Giter VIP home page Giter VIP logo

google-rank-checker's Introduction

Google Rank Checker

This python script will use your computer to check the real time Google search rankings for the first page of search results for keywords (I have tested around a few thousand keywords at once with no problems).

I wrote this because I work in SEO and needed real time rankings from a lot of keywords on demand. A lot of rank tracking software seemed to have outdated rankings or never seemed to match what I was seeing. I also couldn't find any open source projects that worked or had a lot of features I didn't want. Hopefully others find this useful!

Getting Started

  1. Open Terminal on Mac (Press 'command + space' and type in 'Terminal')

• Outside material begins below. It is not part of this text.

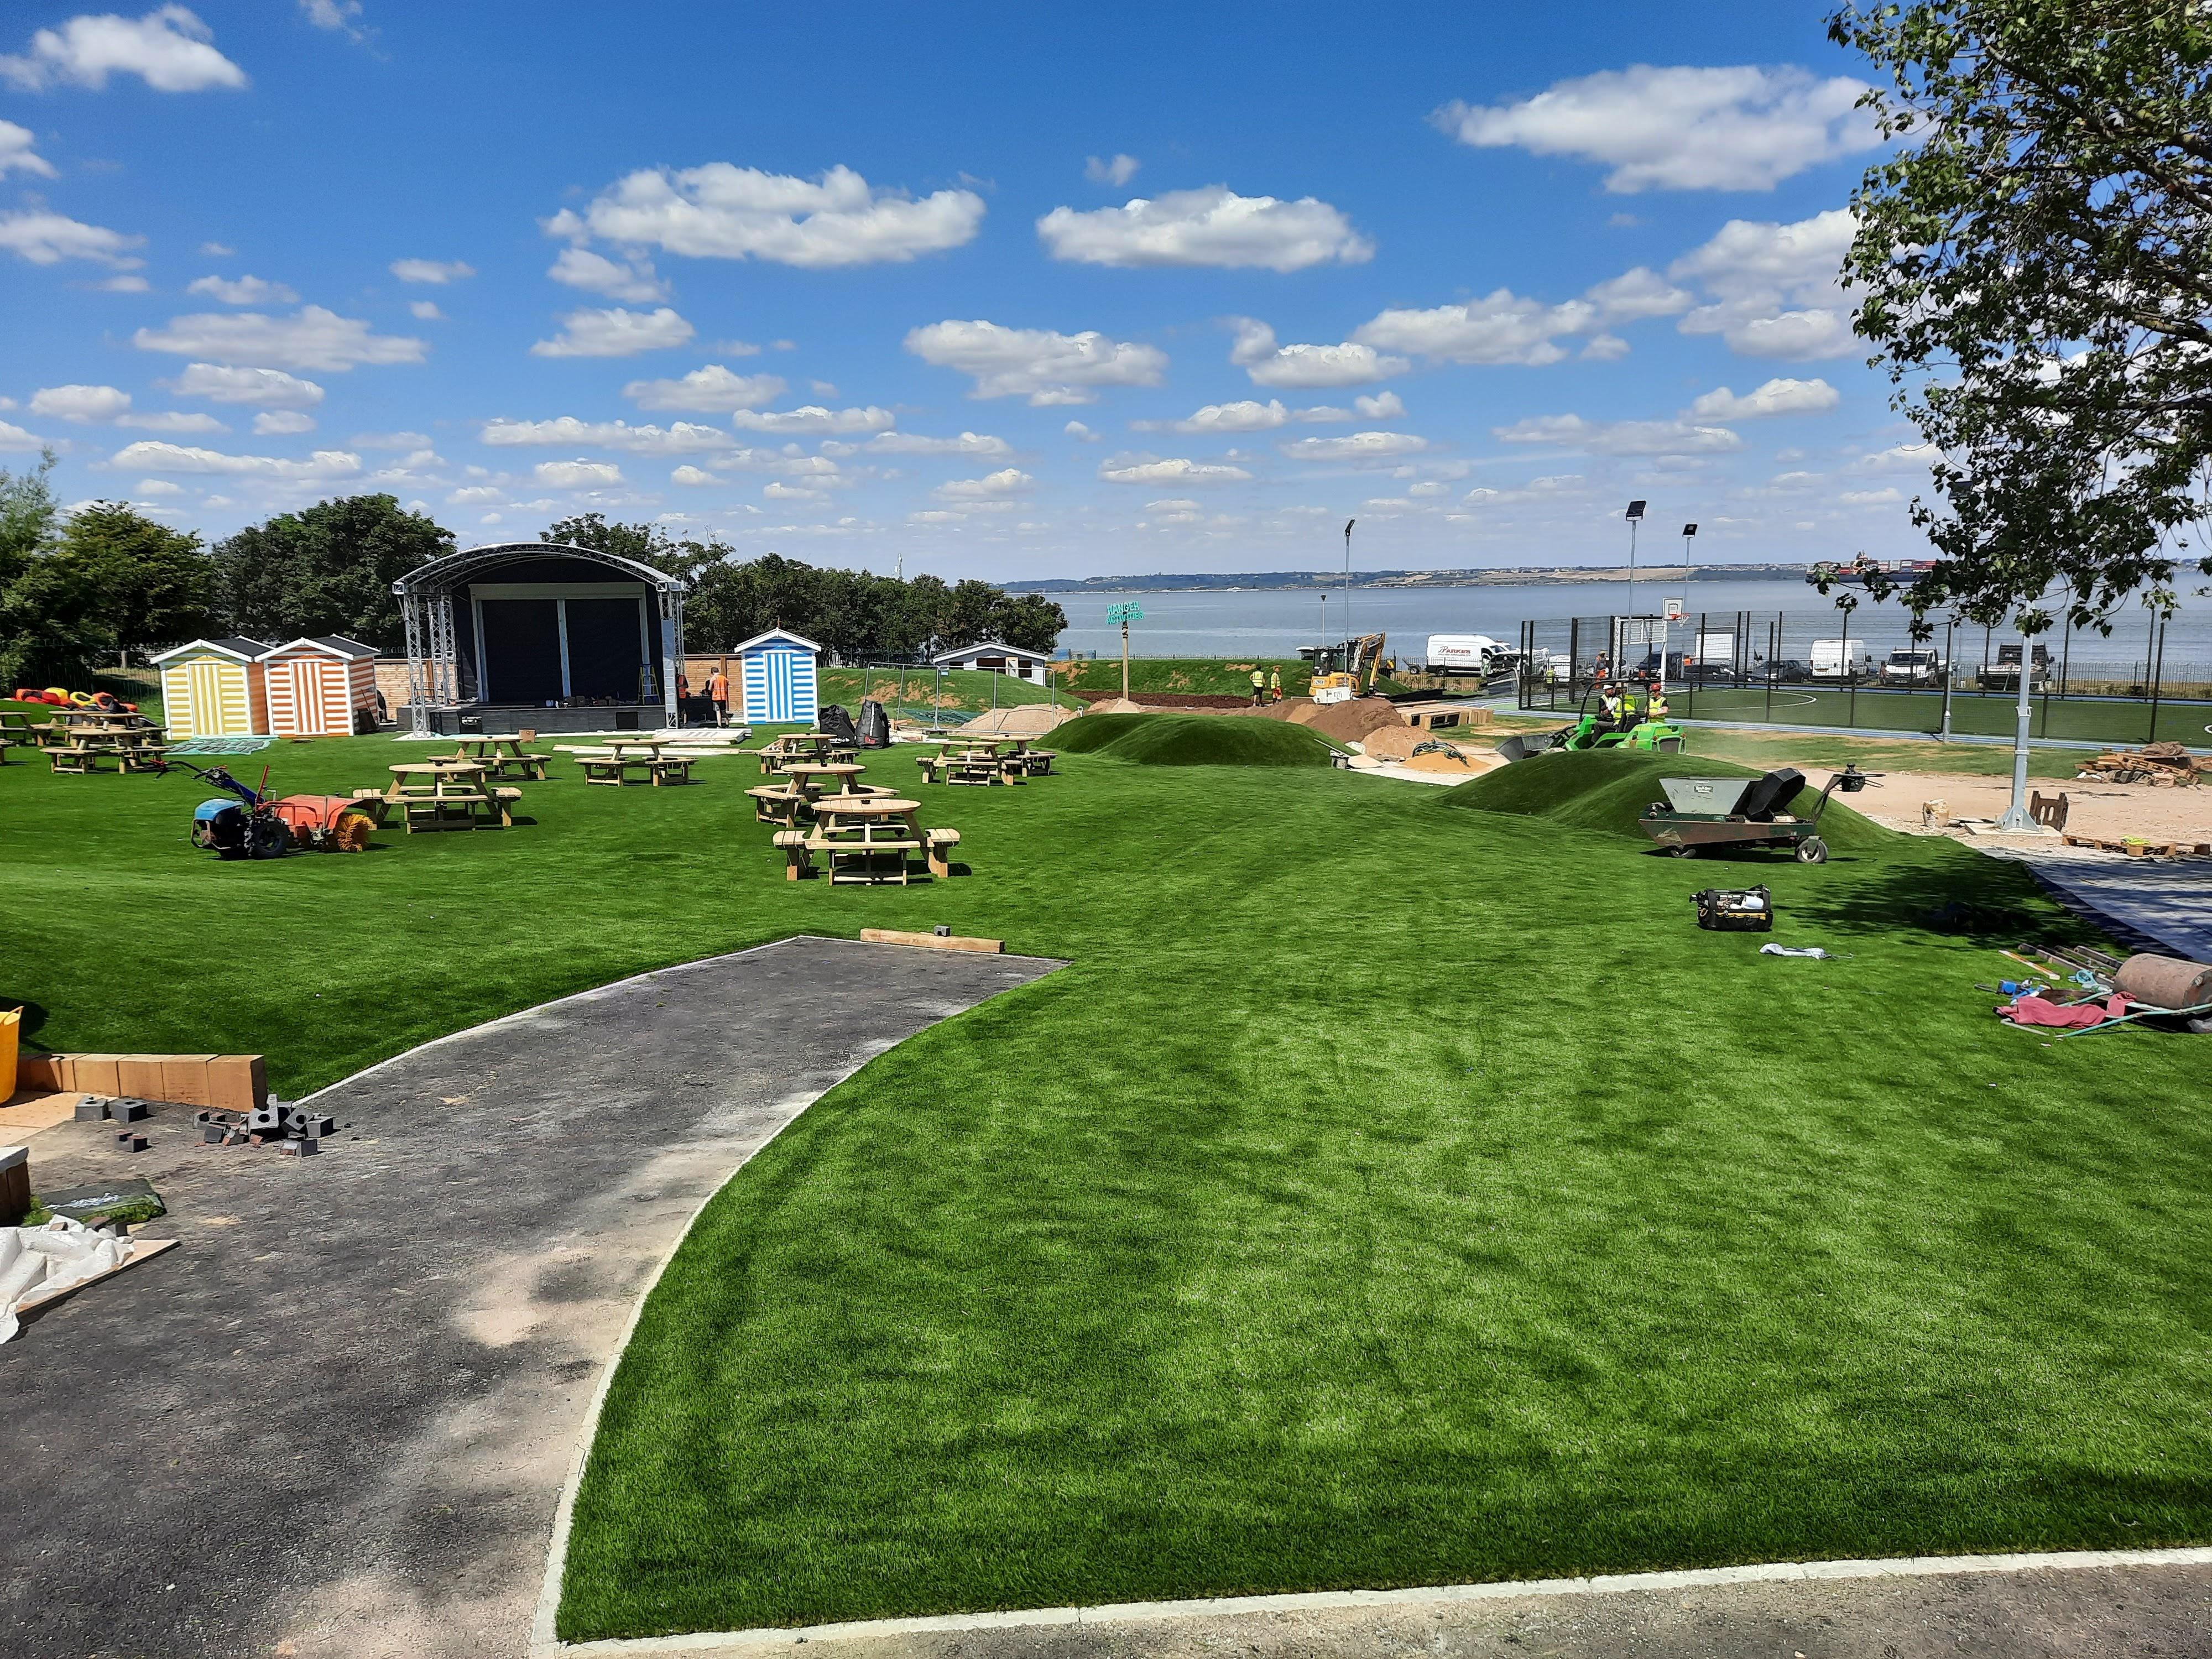 Active Lawn Installation to a Holiday Park in Kent

  2. Install the files on your desktop folder

Type in the terminal:

cd desktop
  1. Copy the files from the github and switch to that folder
git clone [email protected]:thejeffchen/google-rank-checker.git
cd google-rank-checker
  1. Install virtualenv and create a new virtual environment to keep all the packages separate from your desktop

Instructions: http://sourabhbajaj.com/mac-setup/Python/virtualenv.html

pip3 install virtualenv
virtualenv venv
source venv/bin/activate
  1. Open keywords.csv and add the keywords you want to check in column A

  2. Install the requirements from the environment

pip3 install -r requirements.txt
  1. Run the google scraper script
python3 google-rank-checker.py

You should see windows opening up and typing in search terms

  1. Go to the HTML folder and open up keywords_rankings.csv to get your list of URLs!

Run Again and Again

  1. Open Terminal on Mac (Press 'command + space' and type in 'Terminal')

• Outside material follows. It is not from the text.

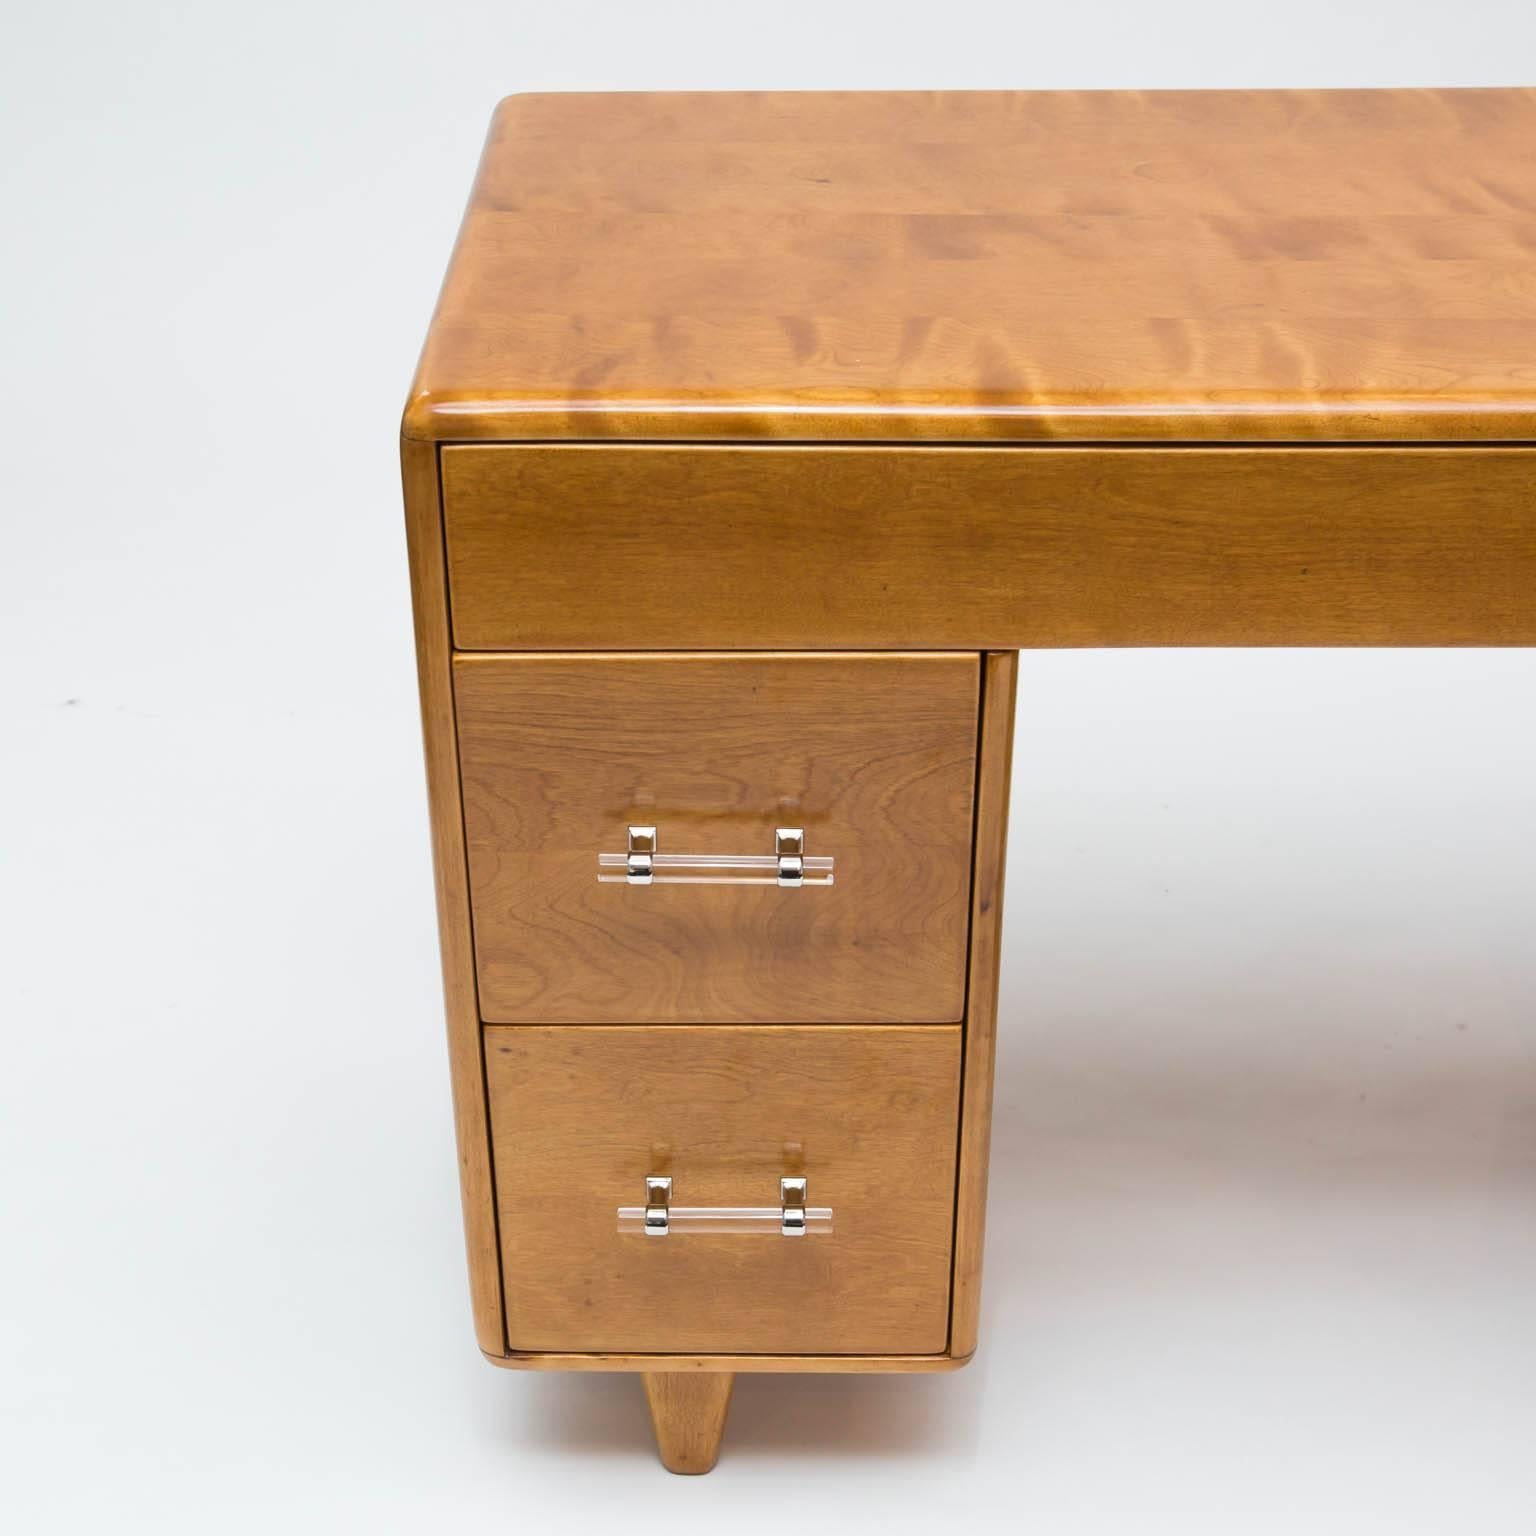 Vintage maple desk just refinished in a clear lacquer with Lucite and nickel handles.

  2. Change directory to google-rank-checker

cd desktop
cd google-rank-checker
  1. Start the virtual environment
source venv/bin/activate
  1. Add your new keywords in keywords.csv

  2. Delete the old HTML files from the HTML folder so the keyword_rankings.csv only gives you rankings for keywords you just searched

  3. Run the script

python3 google-rank-checker.py
  1. Go to the HTML folder and open keywords_rankings.csv

Important Limitations

  1. This is only for small scale rank checking, it goes at around ~6 terms a minute to be a good citizen of Google. I'm sure you can build out a large scale scraping operation with hundreds of AWS EC2 instances and thousands of proxies, but if you know how to do that, you probably don't need this script.
  2. This only looks at the 1st page of search results. This was built for a specific project and I just needed to look at the first page. I might consider writing something that goes to the other pages, but it isn't built right now.
  3. This only gives you the URLs of the first page of search results. Again, I only needed the URLs for this specific project
  4. This could be limited to personalized and/or local search since it is just opening a normal Google browser. It isn't perfect, but it will give you a good enough measure of approximately what is ranking on the first page.

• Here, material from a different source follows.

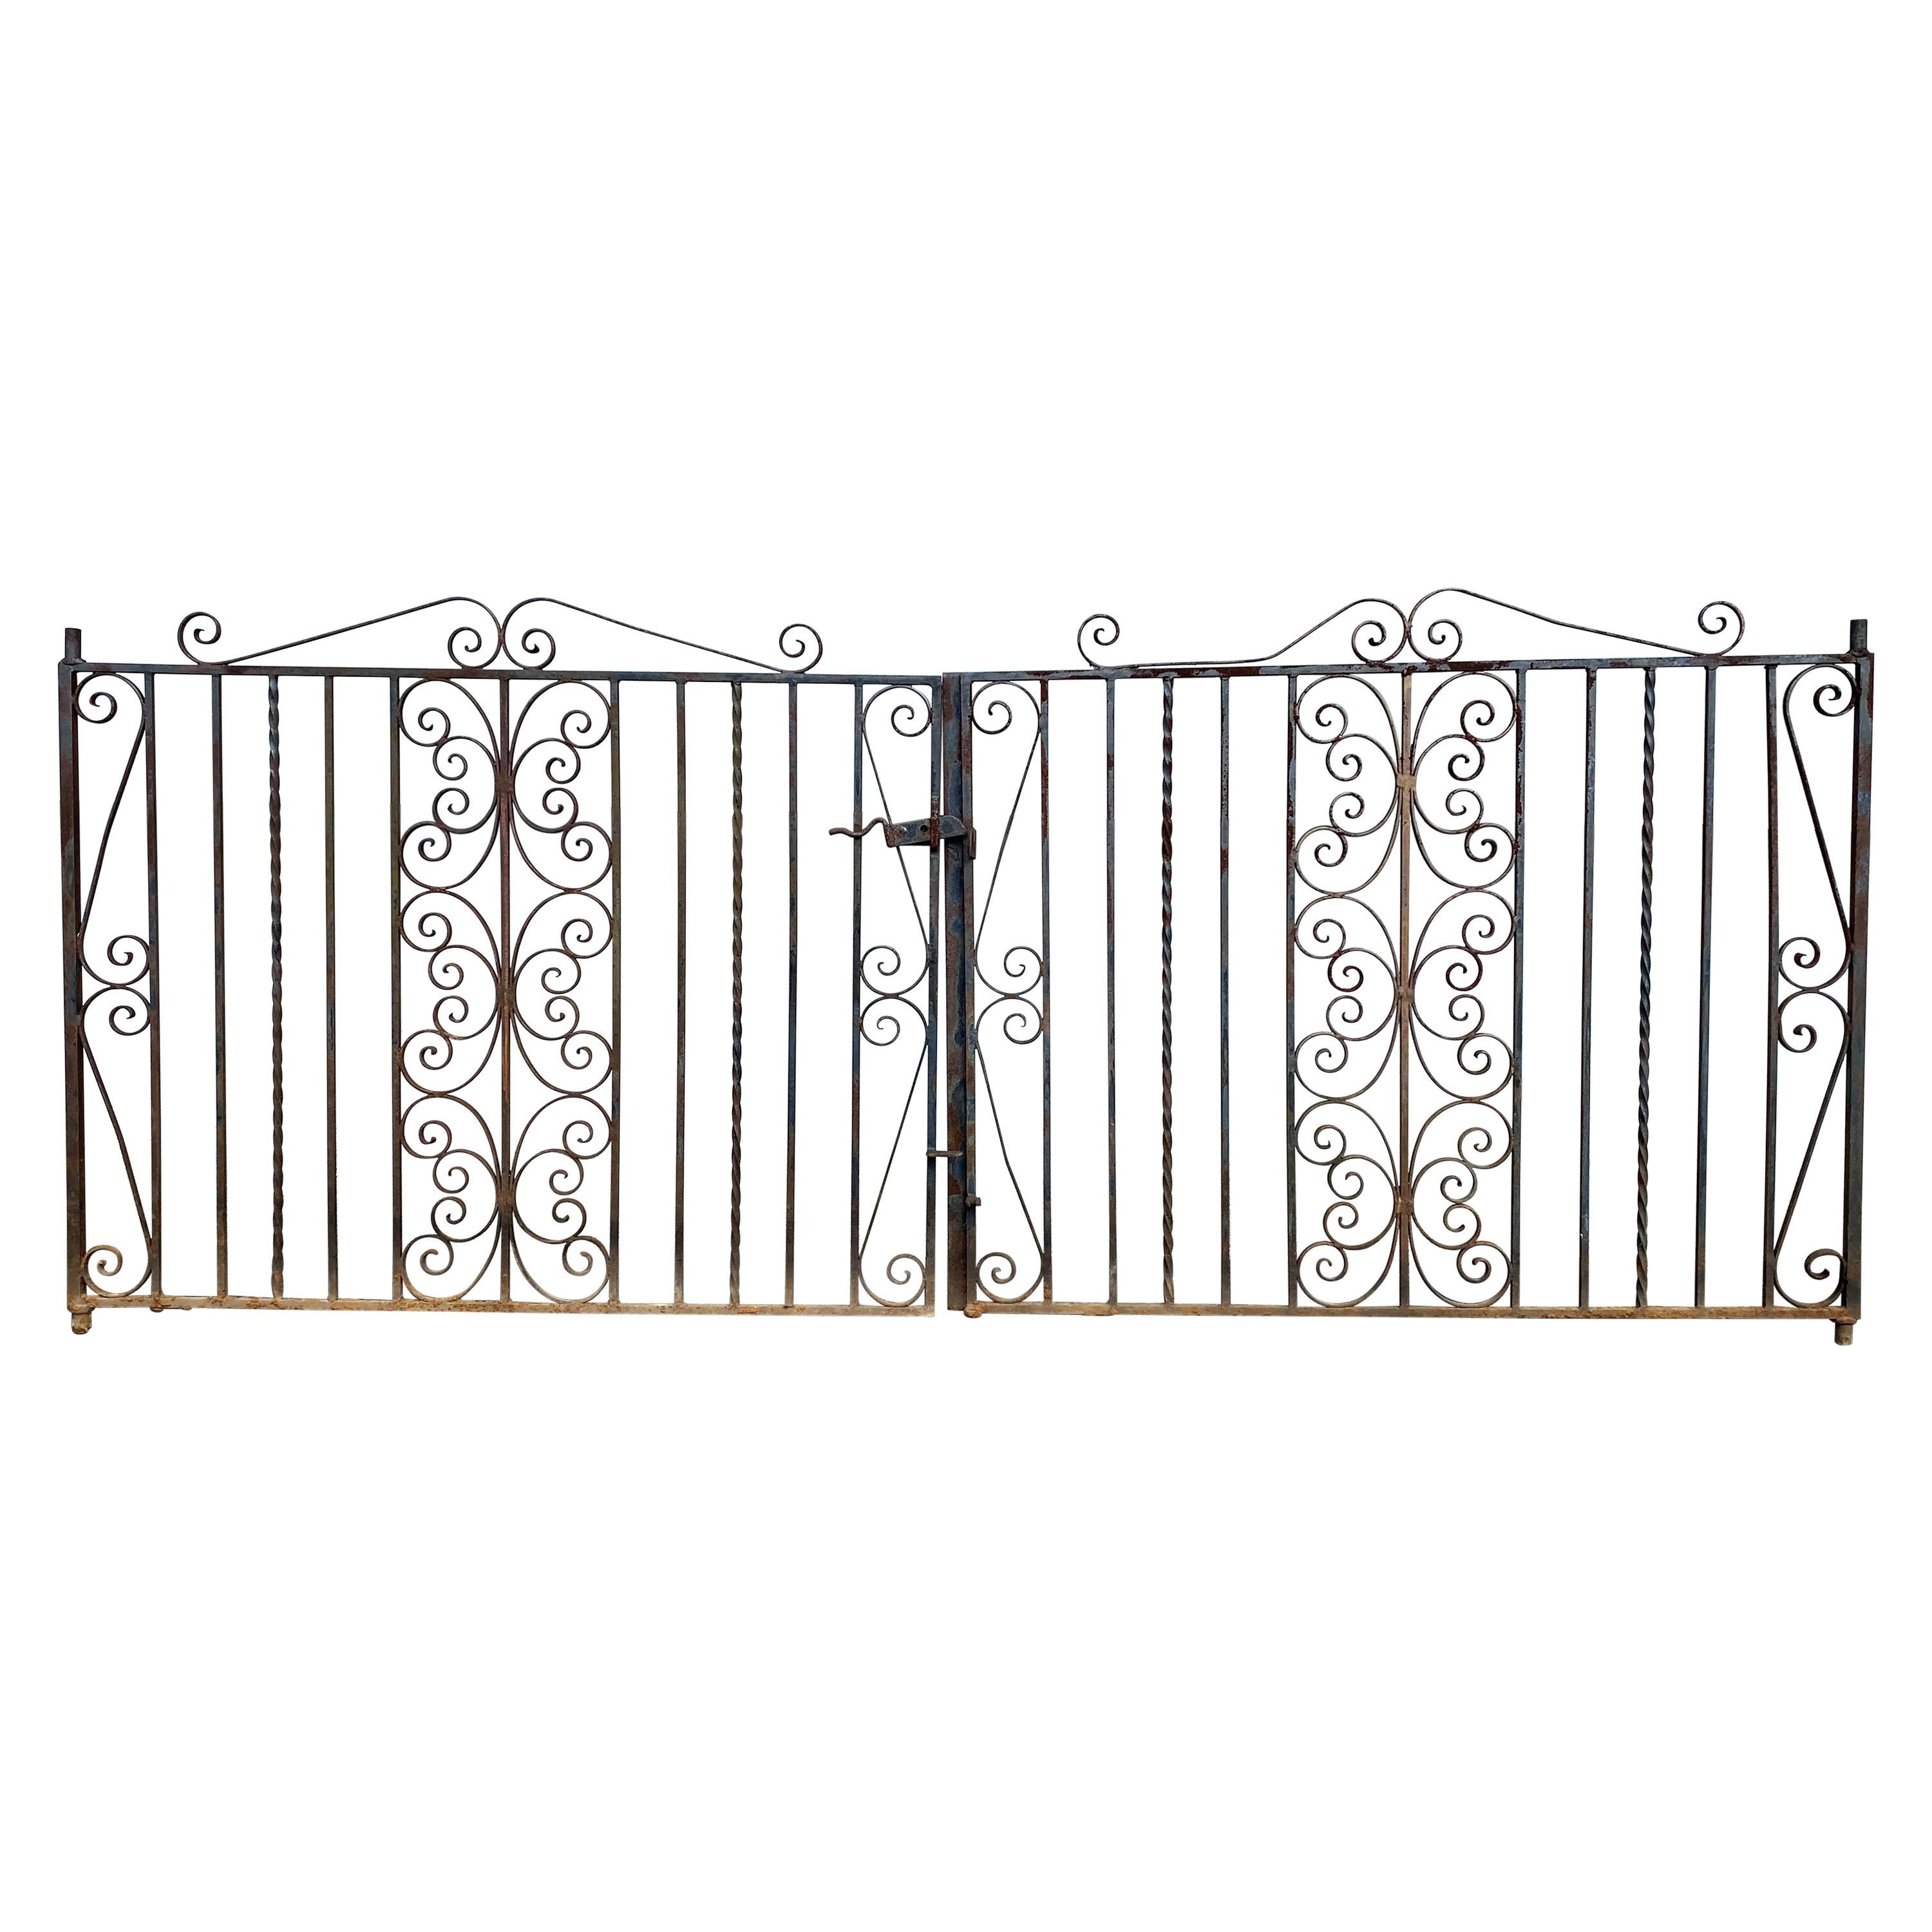 Pair of Iron Gates with Scrollwork Design

How Exactly Does the Script Work?

For the curious at a high level, the script works in 5 basic parts:

  1. Import the CSV of keywords to check the rank for
  2. For each keyword, use Selenium to open a new incognito Chrome browser and google search the keyword (HTML, CSS, JS, etc. is all rendering normally because it acts like a real browser)
  3. Download all the source code from the first page and put it into a folder called html
  4. Use a HTML parser (BeautifulSoup + lxml) to search through all the HTML in the folder 'html' and find the exact info of hrefs
  5. Output a CSV of the URL ranks in the html folder

Advanced / Troubleshooting

  • I got stopped! Do I need to rerun the script for all keywords?

Nope!

  1. Figure out the last keyword that was run by checking either the terminal output or look at the html folder and sort by Date Modified.
  2. Remove all the keywords that have already been run from keywords.csv
  3. Re run the python script

Doing this should restart the process from where you left off. As long as you leave the previously generated HTML files in the html folder, your keyword_rankings.csv file will still contain all the keywords.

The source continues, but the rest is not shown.